Without including any pictures, give back all of the data exactly.

- DATASET EXTRACT

****

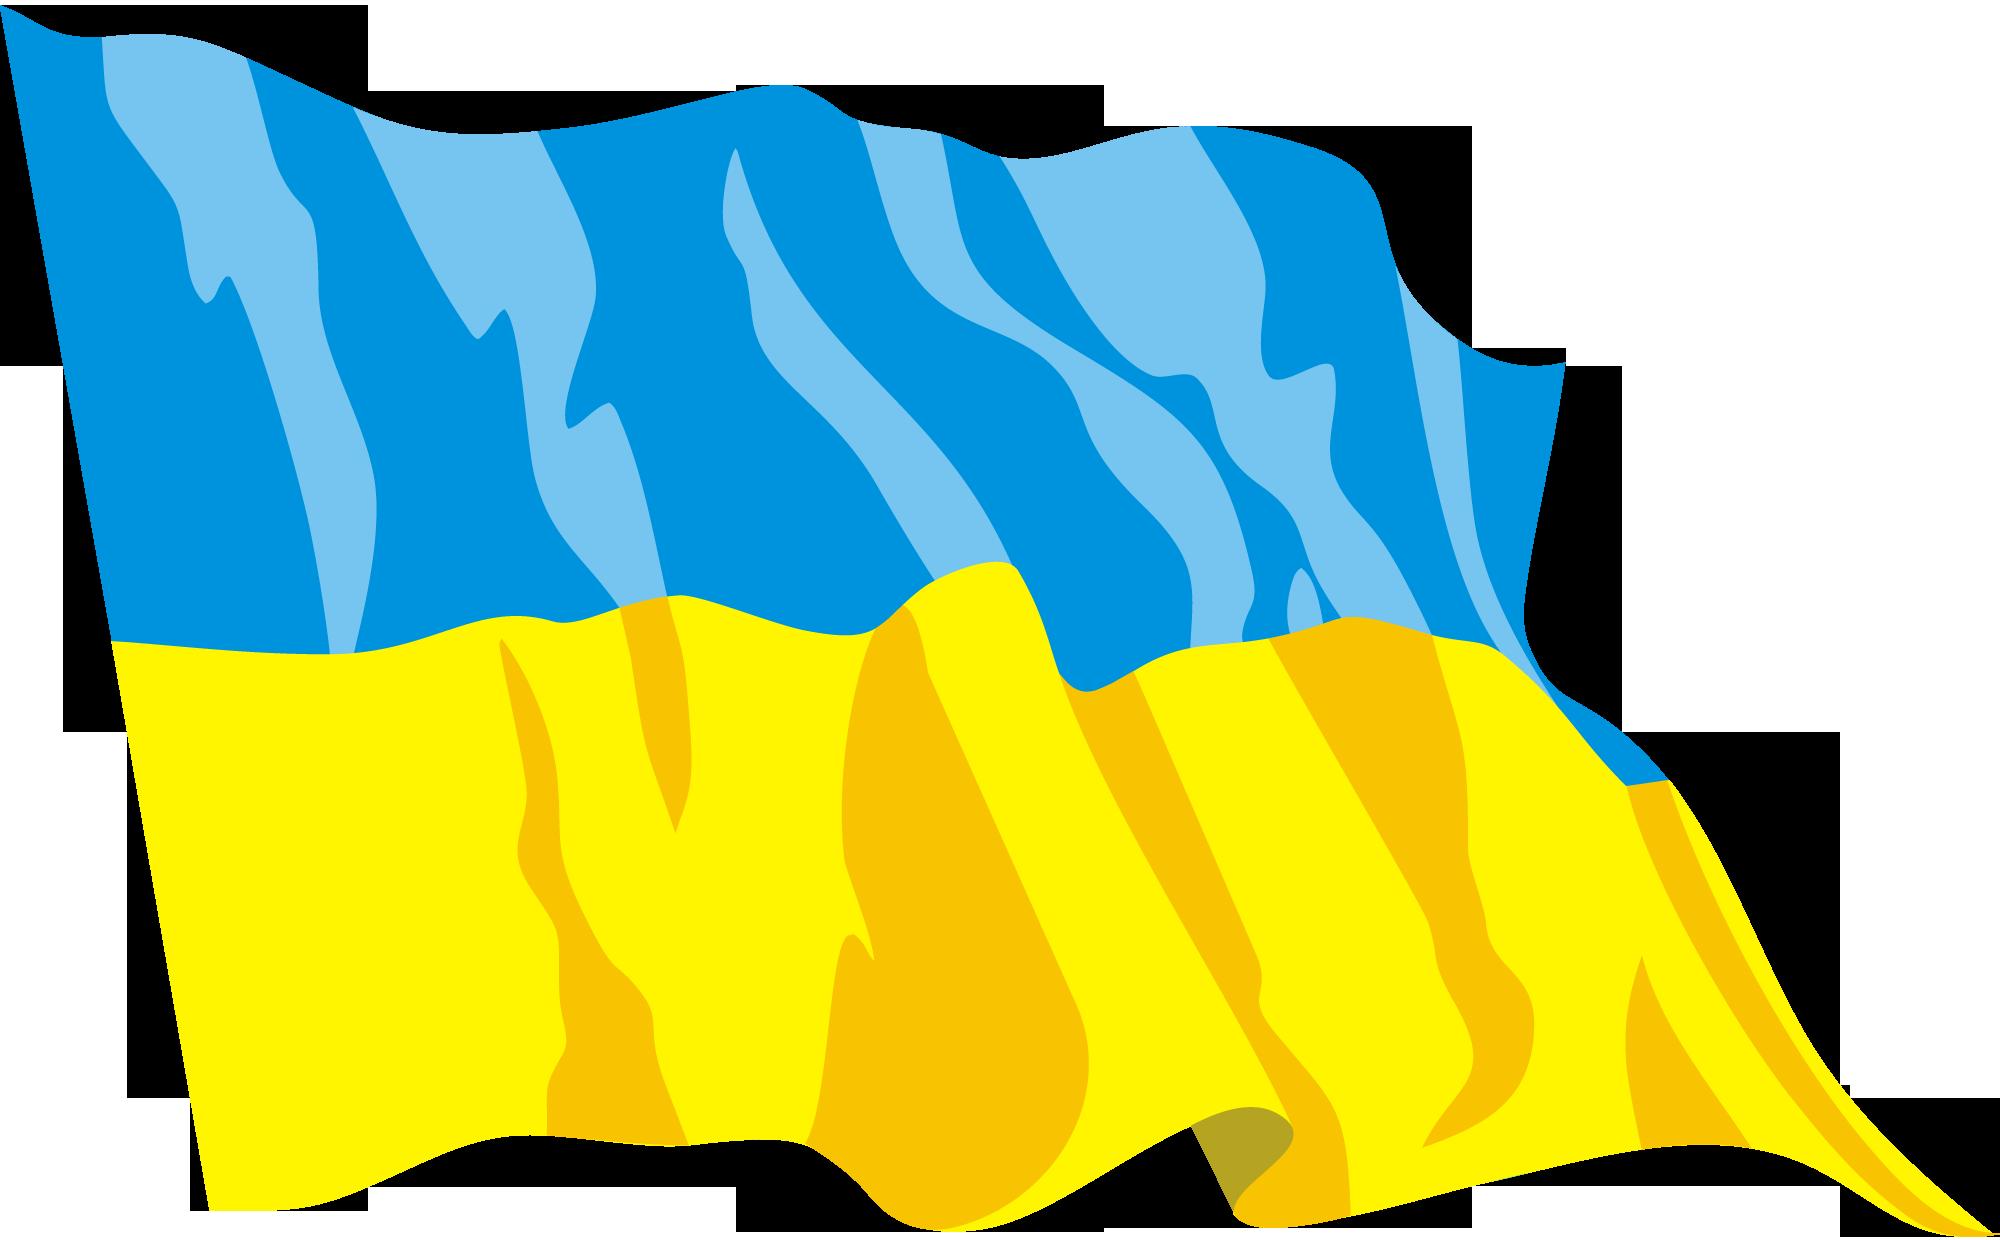 Украинский развивающийся флаг
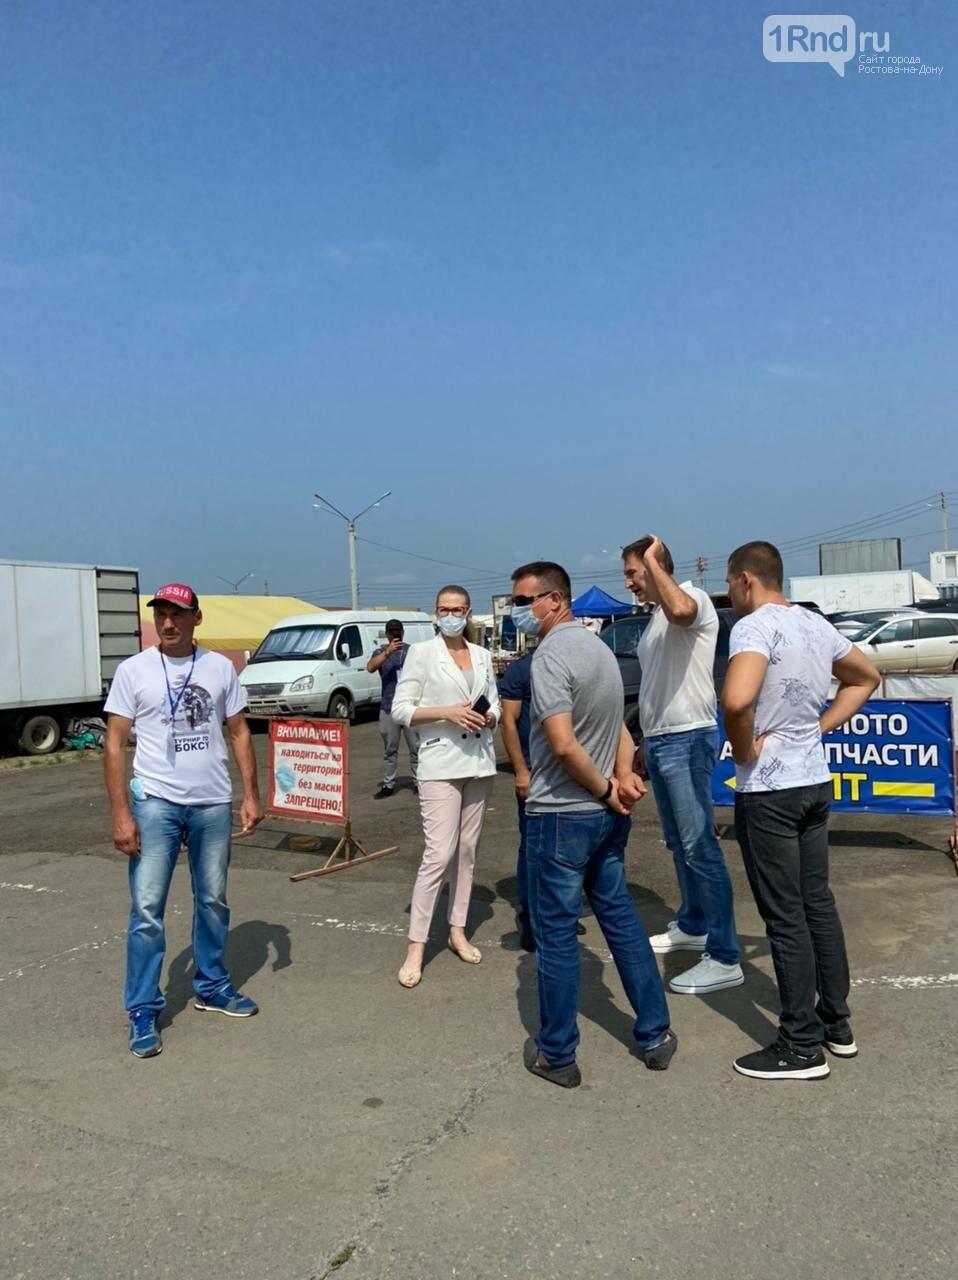 Фото: департамент потребрынка Ростовской области
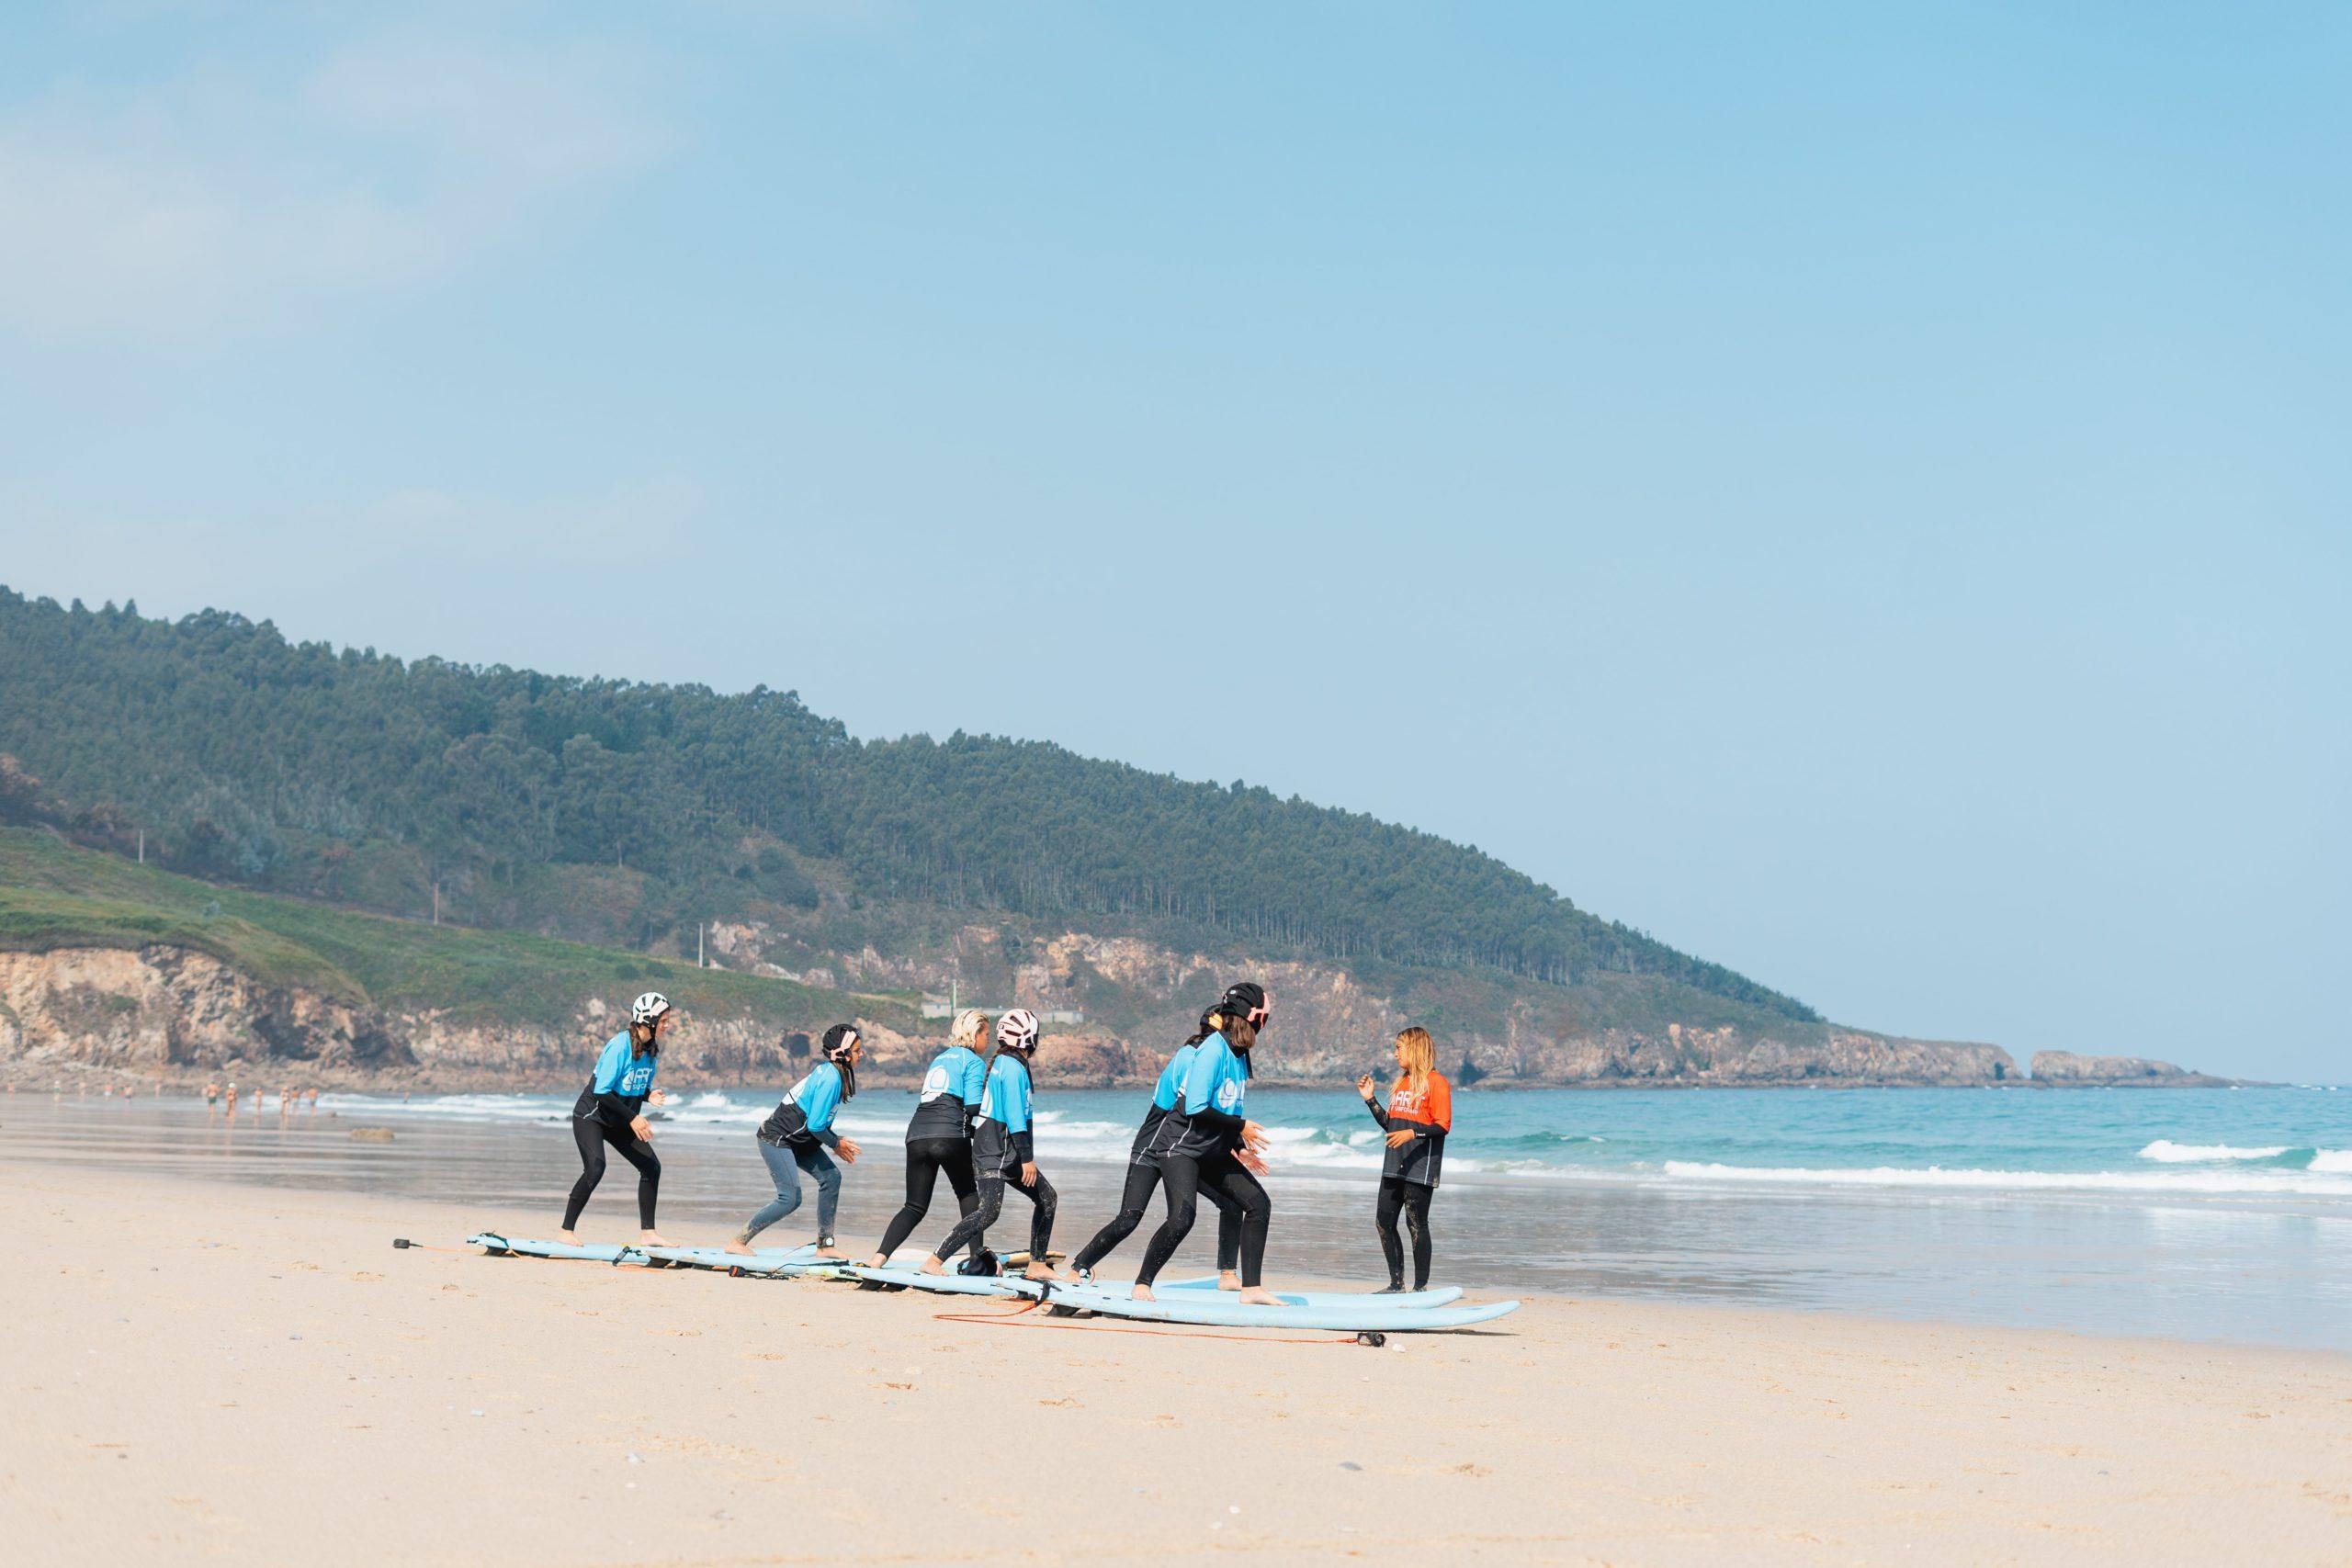 Ejercicios De Calentamiento Previos Al Surfing

****

- EXERCISE OUTPUT
 Украинский развивающийся флаг
 Фото: департамент потребрынка Ростовской области
 Ejercicios De Calentamiento Previos Al Surfing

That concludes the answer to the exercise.